'West Wing' creator spins scenario to save Democrats: Nominate Mitt Romney to stop 'dangerous imbecile' Trump

'There isn’t a Democrat who is polling significantly better than Mr. Biden,' Aaron Sorkin wrote in the New York Times

Aaron Sorkin, the creator of the '90s NBC drama "West Wing," suggested on Sunday that the Democratic Party nominate a Republican, Senator Mitt Romney, to stop former President Donald Trump. Back in 2012, Sorkin lobbied Obama to repeatedly call Romney a liar at debates. 

"Nominating Mr. Romney would be putting our money where our mouth is: a clear and powerful demonstration that this election isn’t about what our elections are usually about, but about stopping a deranged man from taking power," Sorkin touted in an op-ed for the New York Times, before noting other Democrats weren't polling well against Trump either.

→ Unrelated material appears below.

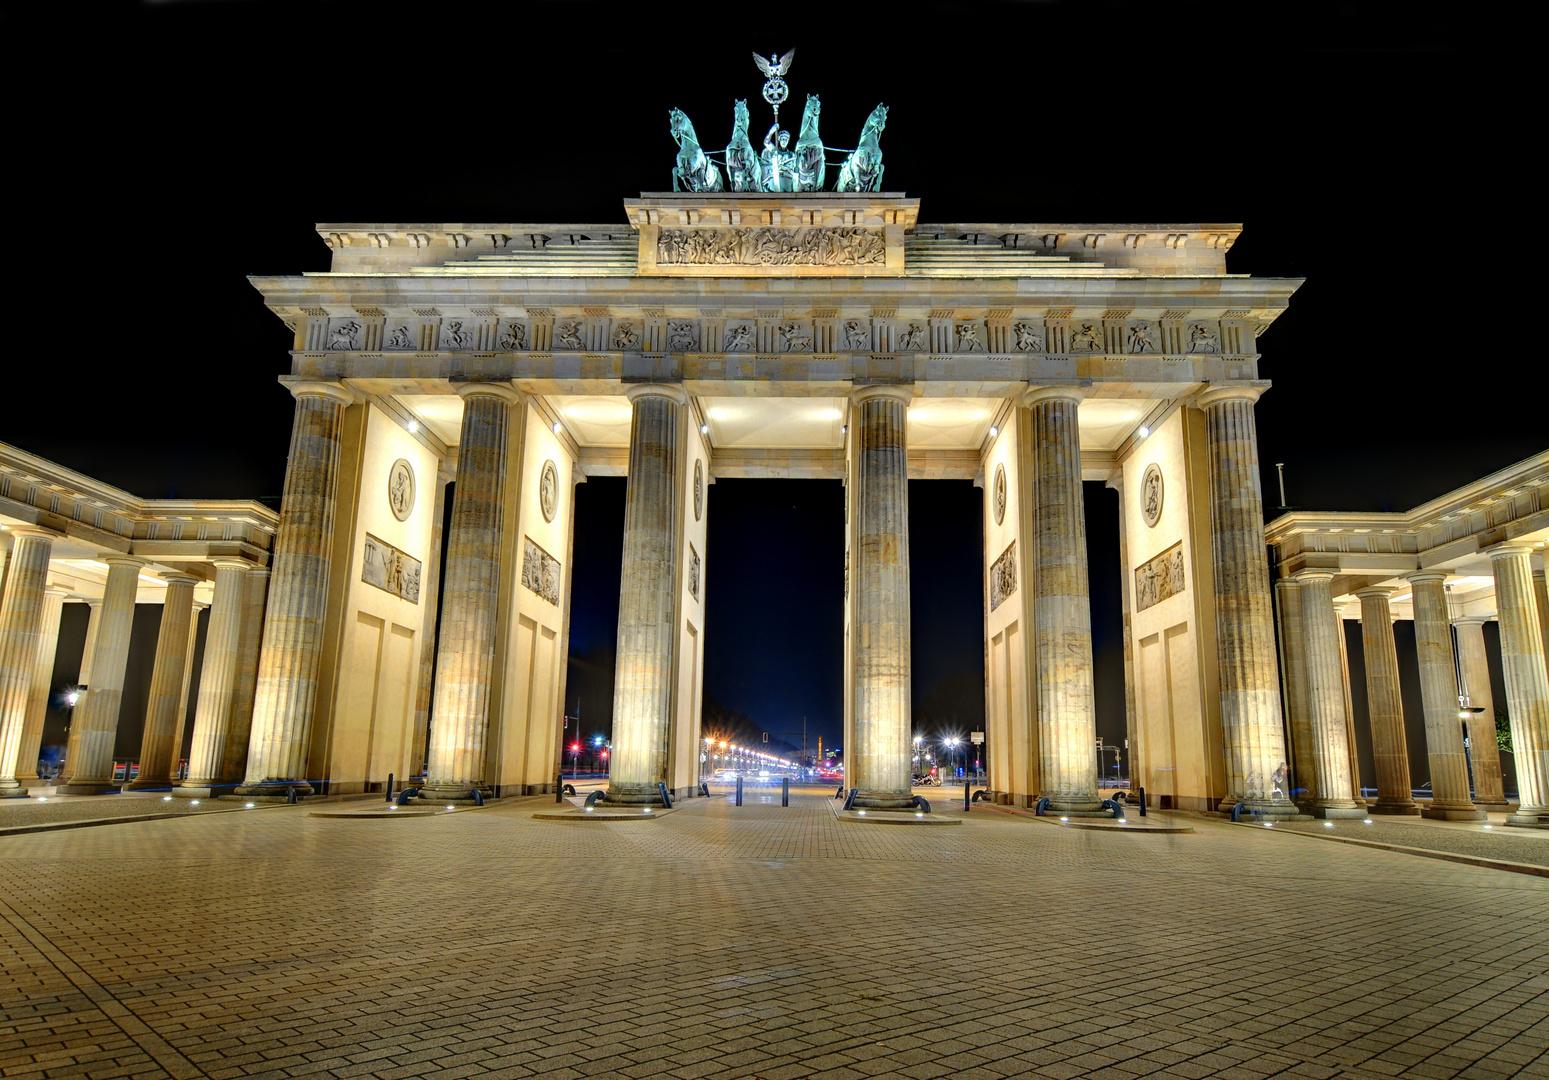 Brandenburger Tor / Unter den Linden
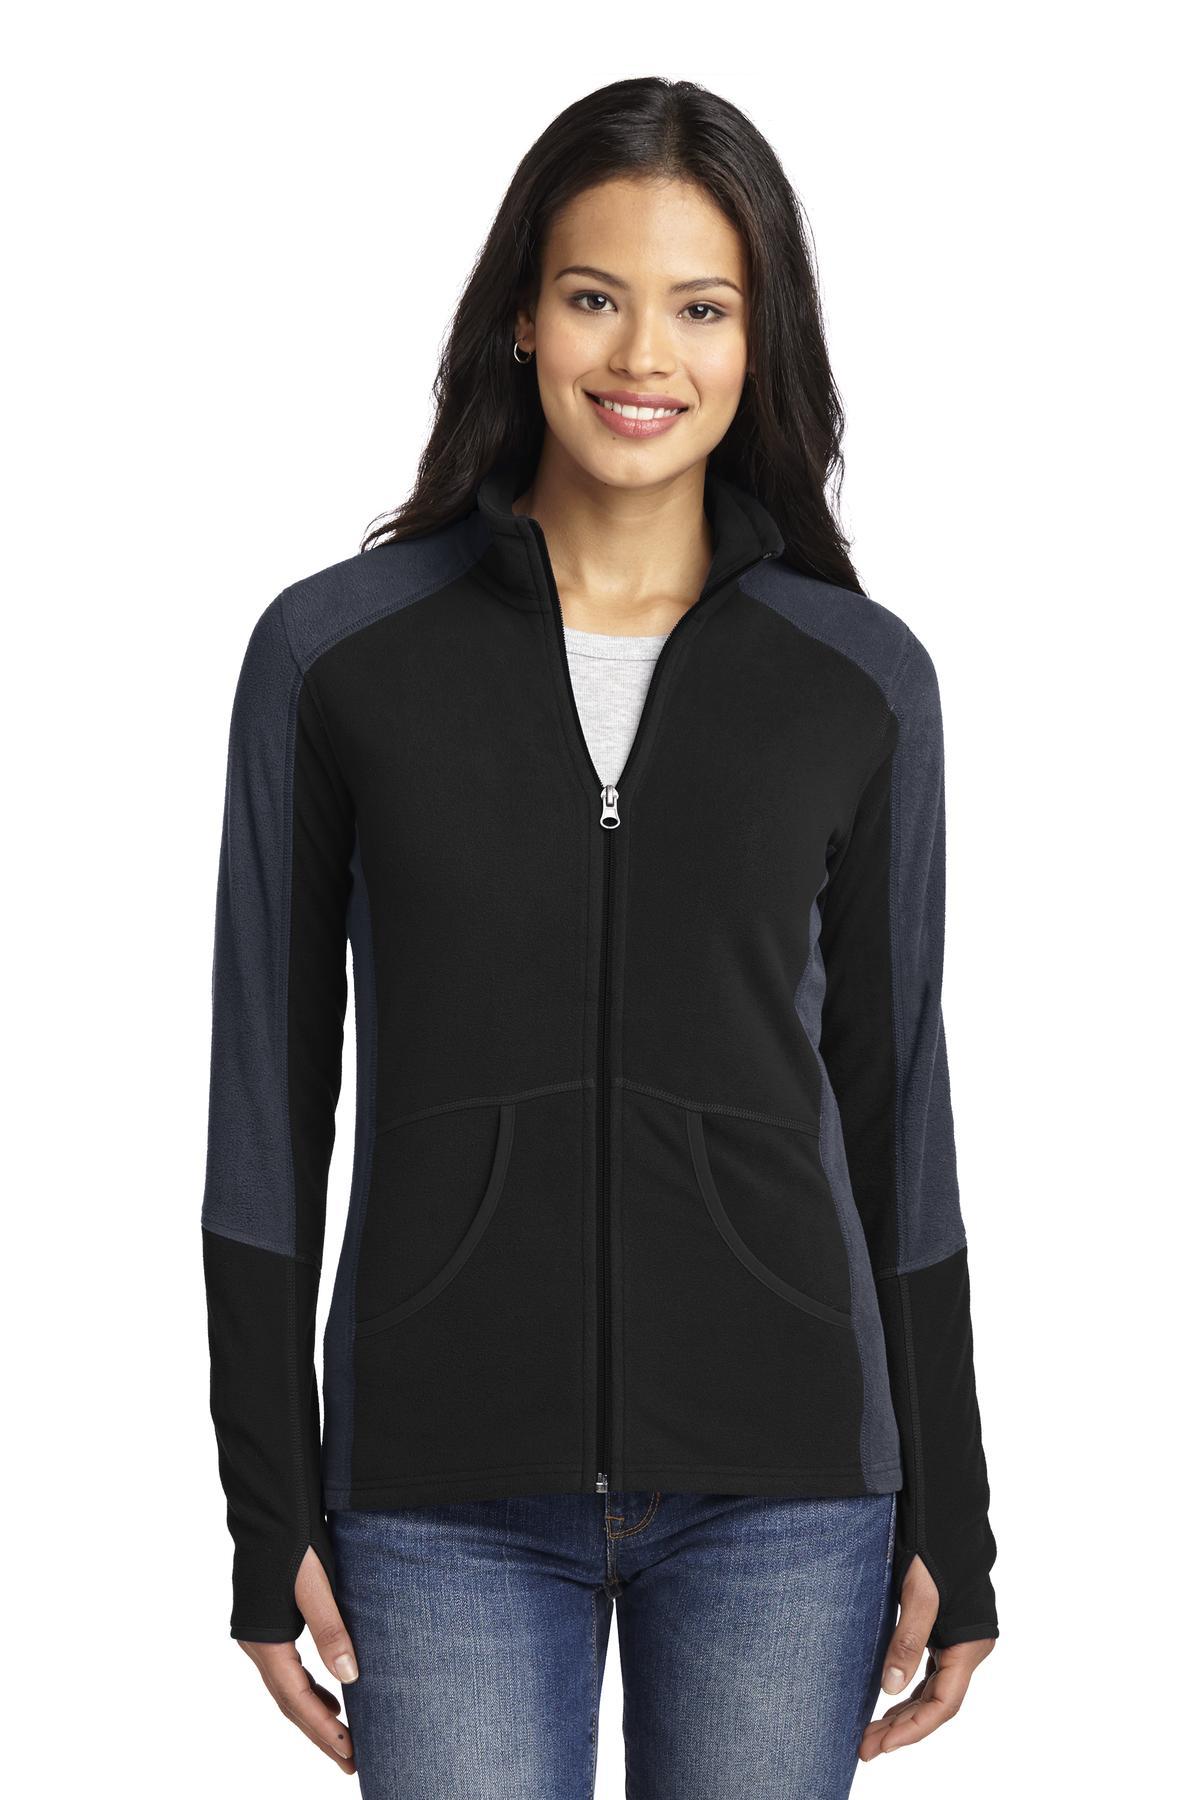 Port Authority® Ladies Colorblock Microfleece Jacket.-Port Authority

President Biden is facing mounting calls to drop out of the race following a rocky debate performance. A recent poll also found that 65% of Democrats want Biden to drop out.

"The problem in the real world is that there isn’t a Democrat who is polling significantly better than Mr. Biden. And quitting, as heroic as it may be in this case, doesn’t really put a lump in our throats," he wrote.

Aaron Sorkin, the creator of "West Wing," suggested the Democrats nominate Mitt Romney to run against Donald Trump. (William B. Plowman/NBC via Getty Images | Anna Moneymaker/Getty Images )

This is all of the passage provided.